Setelah sebelumnya posisi Jaksa Agung diisi oleh nama yang berafiliasi dengan Partai Nasdem, muncul usulan agar sosok yang memimpin selanjutnya berasal dari kalangan profesional. Presiden Jokowi pun akhirnya mengangkat ST Burhanuddin yang memang berasal dari kalangan profesional sebagai Jaksa Agung. Namun, sepertinya terjadi plot twist karena ternyata ST Burhanuddin belakangan diketahui merupakan adik dari politisi PDIP, TB Hasanuddin. Sebuah kebetulan?
PinterPolitik.com
Pada 3 November 2014, Presiden Joko Widodo (Jokowi) pernah berujar untuk tidak memilih Jaksa Agung dari kalangan partai politik (parpol). Anehnya, dengan tidak mempertahankan konsistensi pernyataannya, 17 hari kemudian, atau tepatnya 20 November 2014, Jokowi justru mengangkat mantan Jaksa Agung Muda Tindak Pidana Umum, HM Prasetyo yang merupakan kader Partai Nasdem, sebagai Jaksa Agung.

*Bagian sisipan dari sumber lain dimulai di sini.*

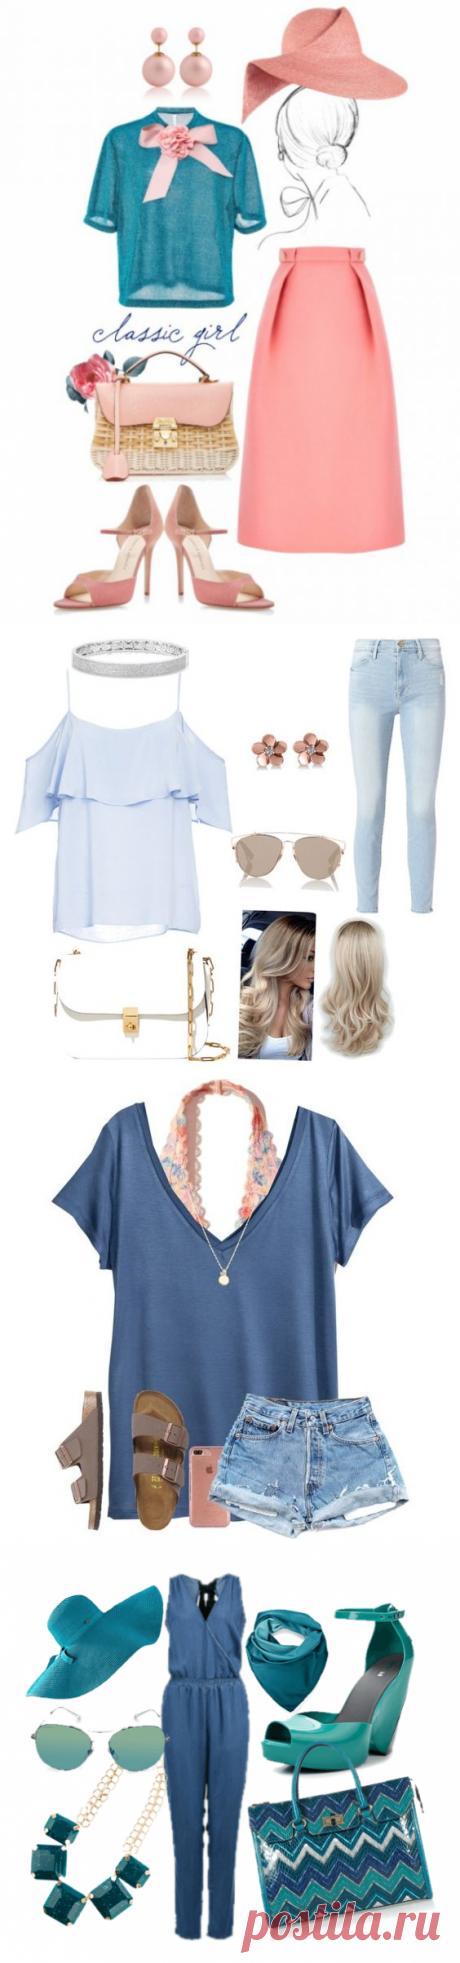 Что носить летом 2018? Стильные идеи и фото летних луков | Beautylooks

Berbagai pihak sontak mempertanyakan dan mengkritik keputusan mantan Wali Kota Solo tersebut. Anggota Komisi III DPR kala itu Muslim Ayub misalnya, mengomentari pengangkatan Prasetyo dengan mengungkapkan bahwa jika politisi menjadi Jaksa Agung maka penegakan hukum di Indonesia tidak akan pernah menjadi baik.
Politisi Parta Gerindra yang kala itu menjabat sebagai Wakil Ketua Komisi III DPR, Desmond Junaidi Mahesa juga turut berkomentar dengan mempertanyakan alasan Jokowi memilih politikus Nasdem tersebut, melihat prestasi Prasetyo di Kejaksaan terbilang minim.
Demi menepis segala tuduhan tersebut, Prasetyo lantas mengundurkan diri dari segala bentuk kepengurusan struktural di Partai Nasdem.
Namun, sepertinya pernyataan bahwa Prasetyo yang tidak lagi berafiliasi ke Nasdem hanya terjadi di atas kertas. Pasalnya, selama 5 tahun memimpin Korps Adhyaksa, Prasetyo oleh banyak pihak dinilai telah melakukan abuse of power atau penyalahgunaan wewenang yang menguntungkan Nasdem.
Kini, jabatan Prasetyo itu telah digantikan oleh ST Burhanuddin yang merupakan sosok dari internal kejasaan sendiri. Namun, belakangan diketahui bahwa yang bersangkutan adalah adik dari TB Hasanuddin – politikus PDIP yang pada 2018 lalu maju pada Pilkada Jawa Barat.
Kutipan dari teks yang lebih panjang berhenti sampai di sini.